No ecrã gigante montado no palco do Teatro Tivoli BBVA, há uma imagem de uma mulher asiática atrás de uma porta de grades numa casa azul. Tem a perna apoiada num dos ferros e olha para o chão. Do lado de fora da casa, pousado numa das janelas, um corvo observa-a. “Já viram a ironia disto? A mulher dentro de uma gaiola e o pássaro em liberdade”, questiona Jodi Cobb enquanto faz o público viajar no seu portfólio durante o National Geographic Summit, que aconteceu pela primeira vez em Lisboa na última quinta-feira.
“Eu tornei-me fotógrafa porque queria mudar o mundo. Mas isso revelou-se um bocado mais difícil do que eu julgava ao início”, começou por contar Jodi Cobb, vencedora de um prémio World Press Photo e do primeiro título de Fotógrafa do Ano da Casa Branca entregue a uma mulher. Tinha visto o mundo inteiro antes dos 12 anos, levada pelo espírito aventureiro dos próprios pais. A inspiração para o trabalho que desenvolveu ao longo da sua carreira, foi buscá-la a várias fontes: primeiro, aos movimentos de luta pelos direitos humanos que a sua geração levou para as ruas, admite ela recordando as imagens que lhe chegavam às mãos vindas dessas manifestações. Depois, ao próprio irmão:
“Lembro-me de o meu irmão de 4 anos perguntar à minha mãe: ‘O que posso fazer hoje que ainda não fiz?’ Quando se tem 4 anos, isso é praticamente tudo. Mas levei essa pergunta comigo todos os dias da minha vida”, explica Jodi Cobb.

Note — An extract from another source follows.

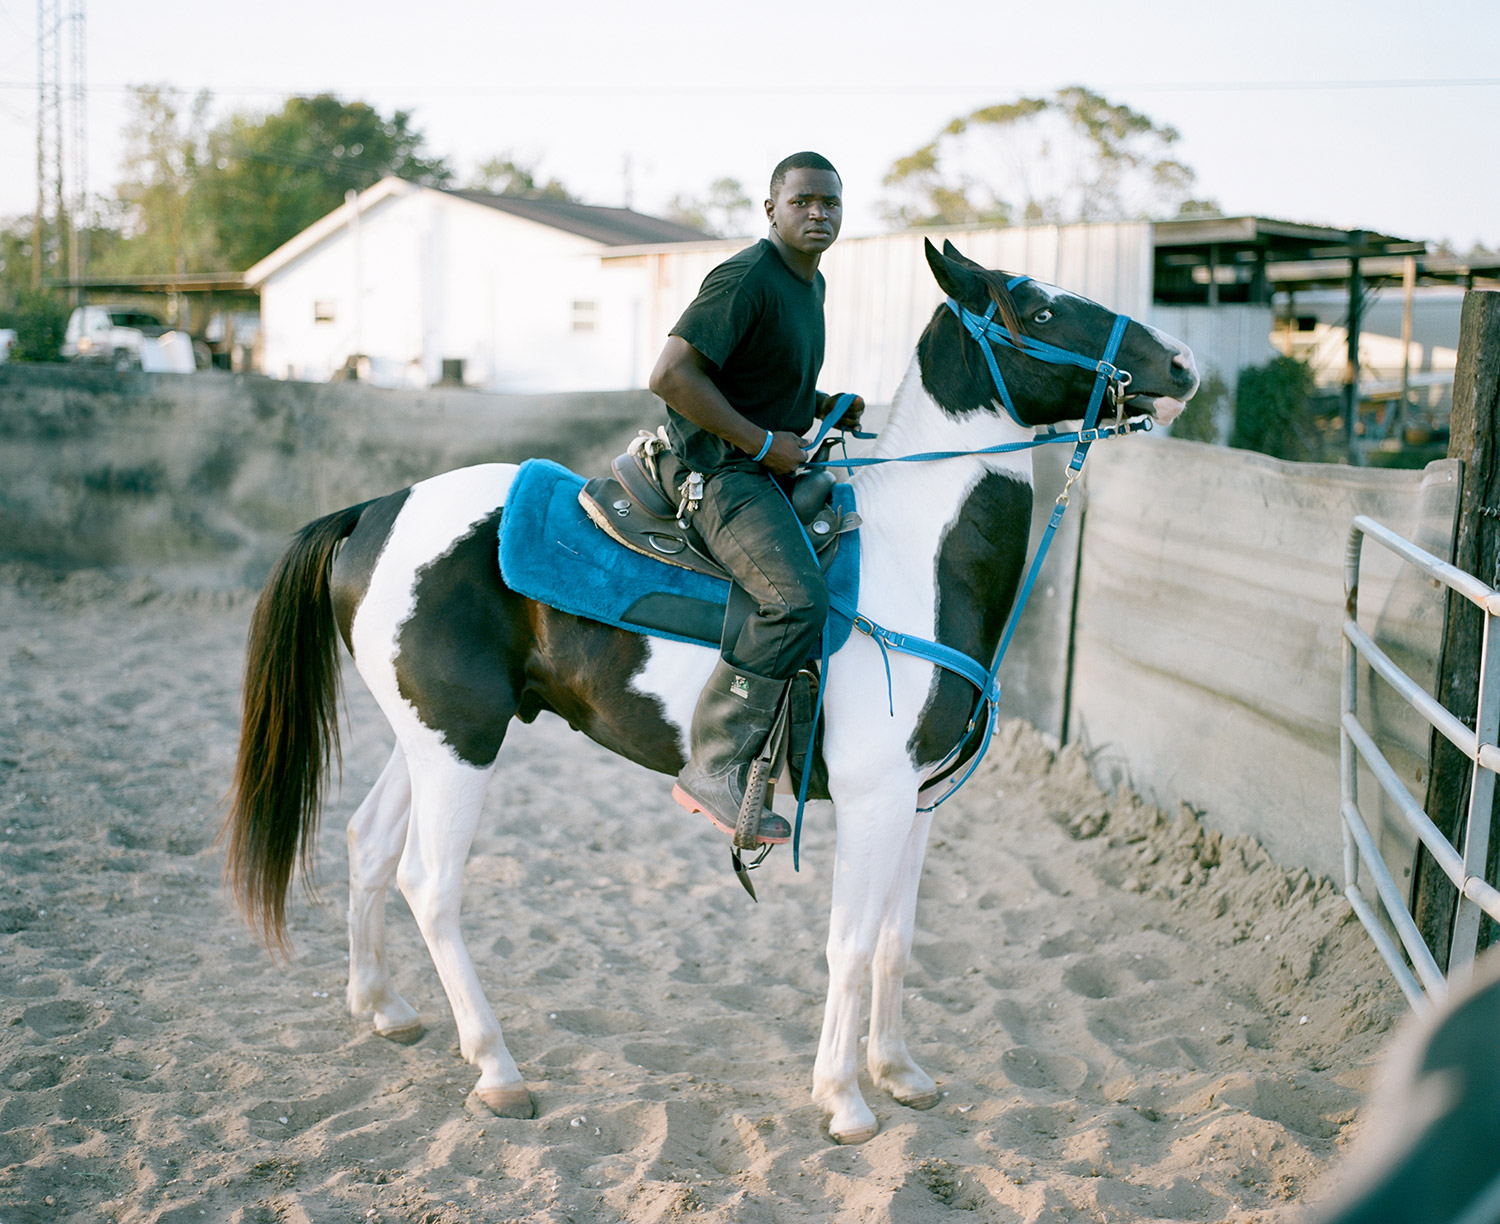 Jesse trains and preps his horse named "Dream" for Mardi Gras. 2014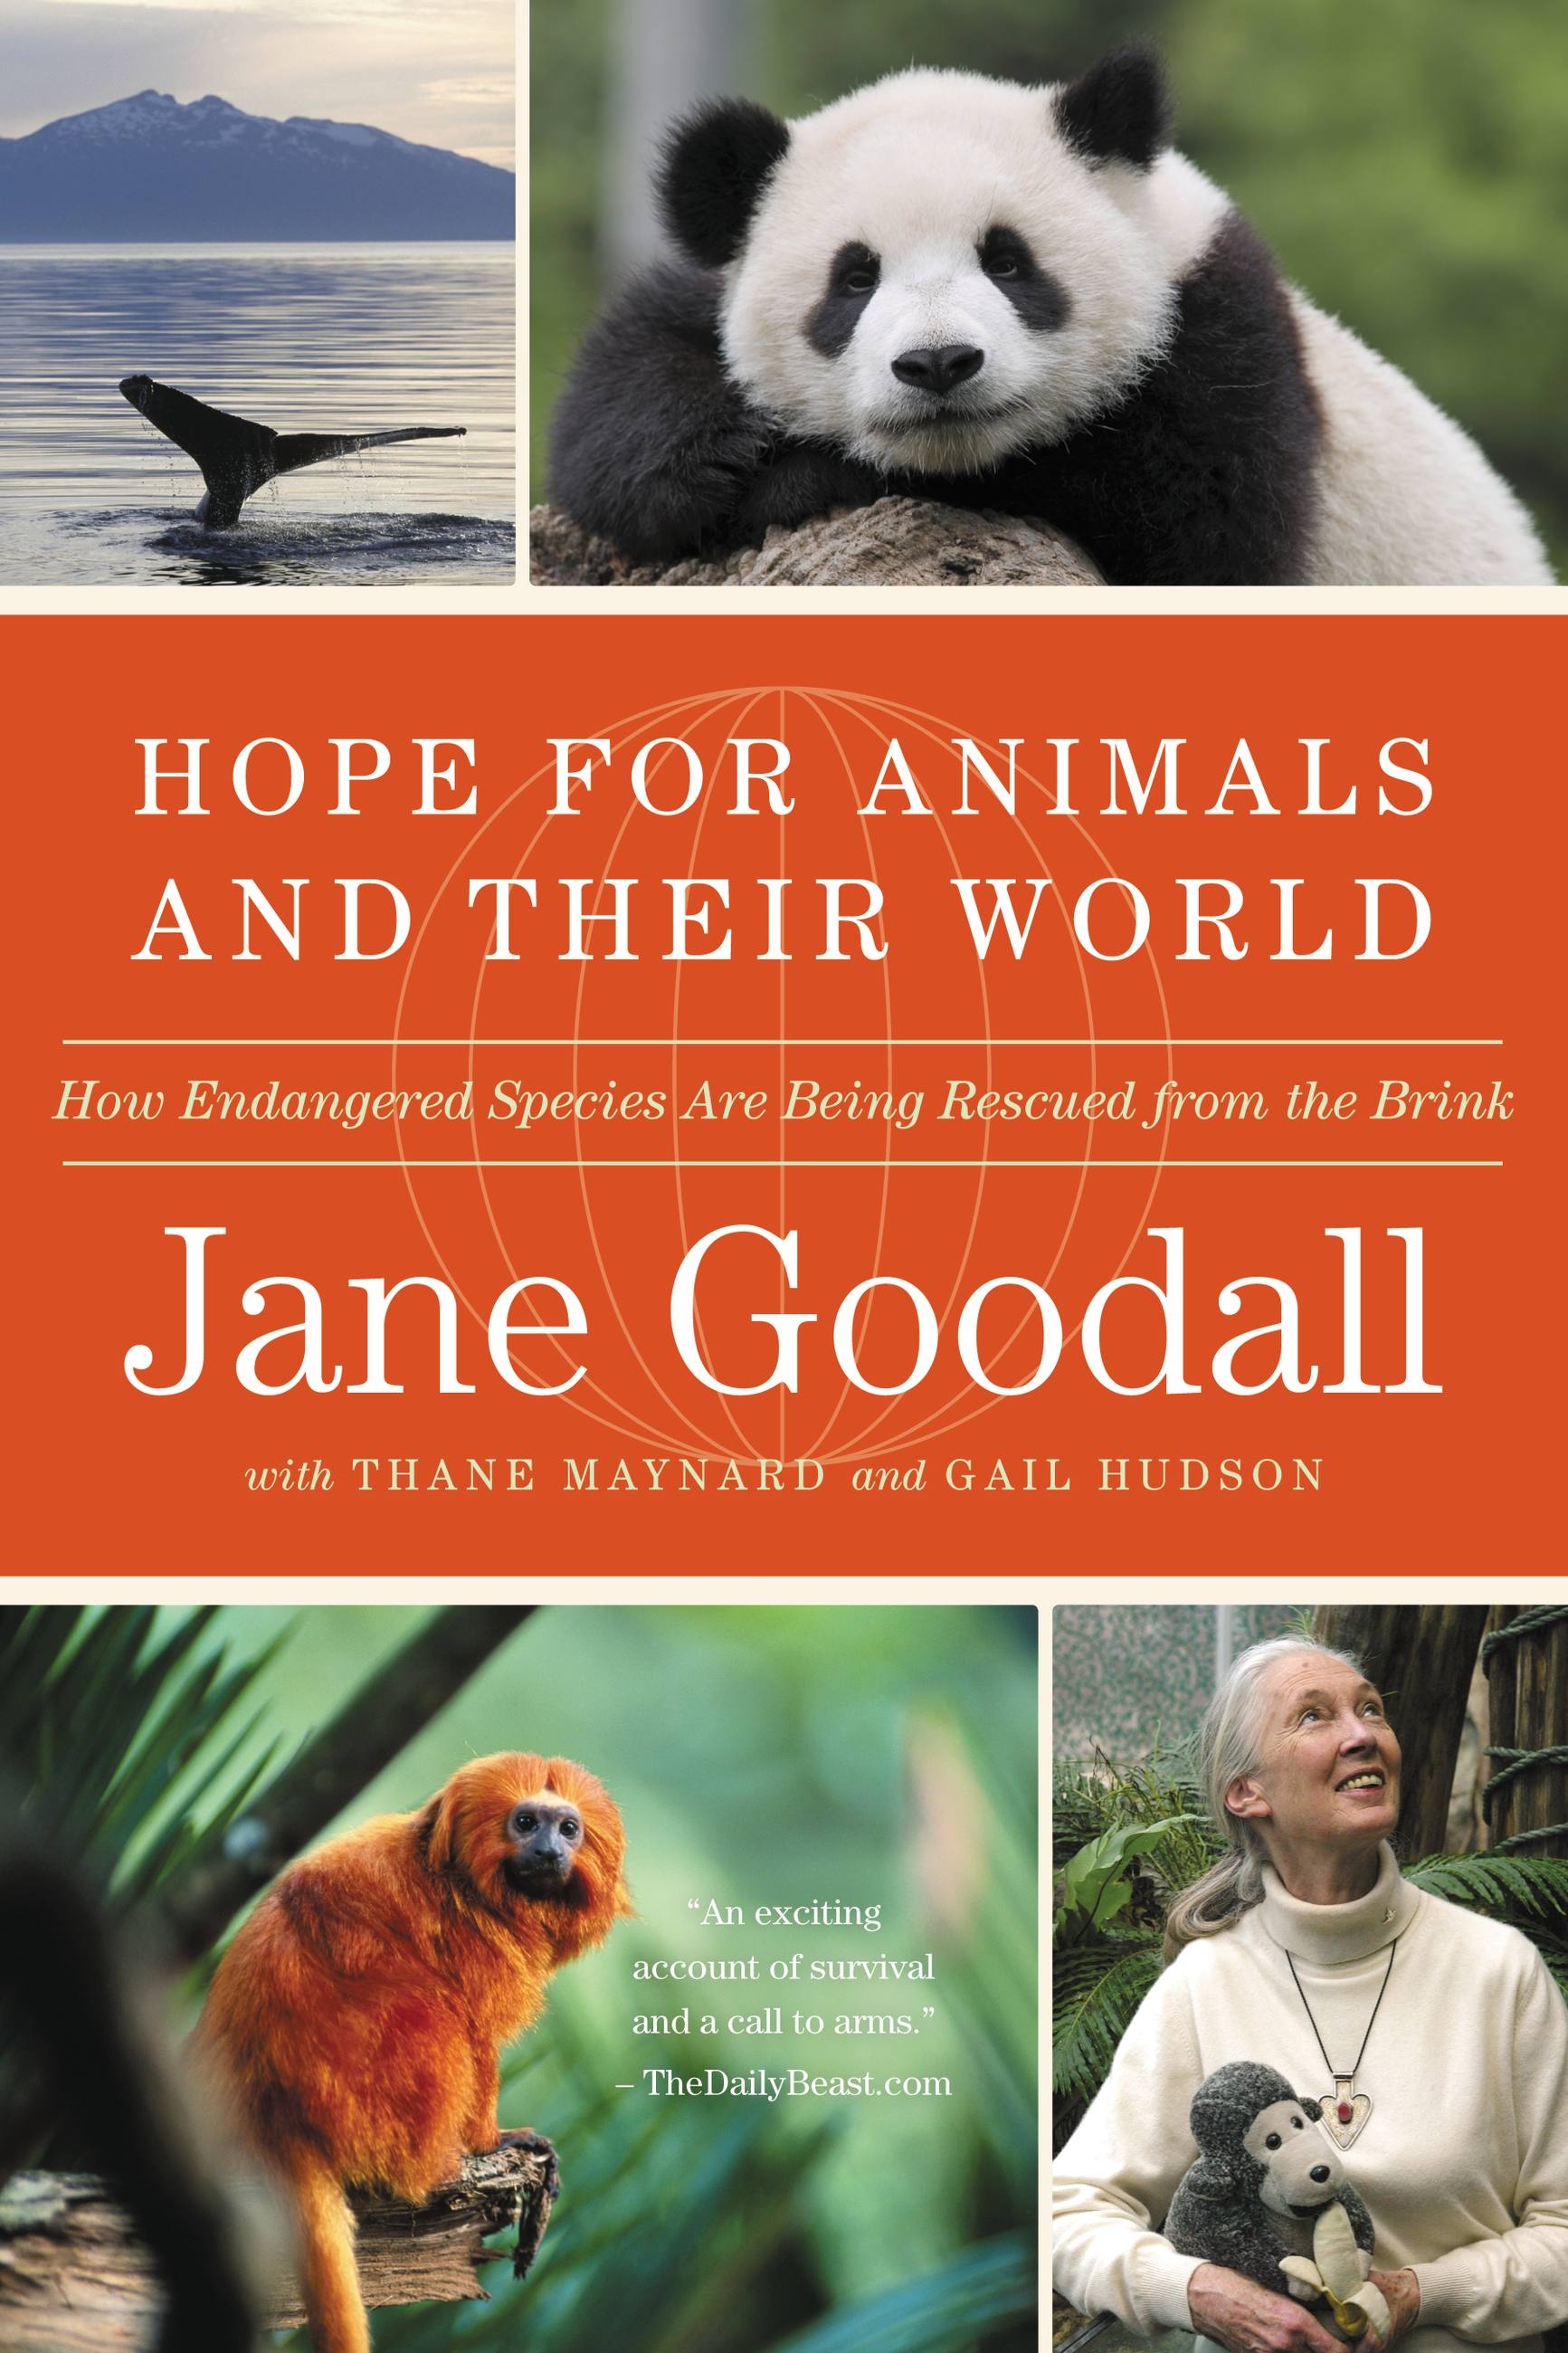 Hope for Animals and Their World by Jane Goodall | Grand Central Publishing

Foi com essa interrogação que Jodi Cobb explorou o planeta para “levantar questões sobre a condição humana num mundo cada vez mais interligado”: Jodi Cobb foi a primeira fotógrafa a atravessar o desconhecido mundo da China quando o país abriu portas ao Ocidente. Foi também a única fotógrafa a entrar no secretismo da vida feminina na Arábia Saudita e das poucas a contactar diretamente com a última geração de autênticas gueixas japonesas. No seu currículo há ainda uma grande reportagem de 2003 sobre trabalho forçado, escravatura e tráfico humano. Tudo com uma missão na mira: “Queria abrir os olhos das pessoas, mudar as suas atitudes”.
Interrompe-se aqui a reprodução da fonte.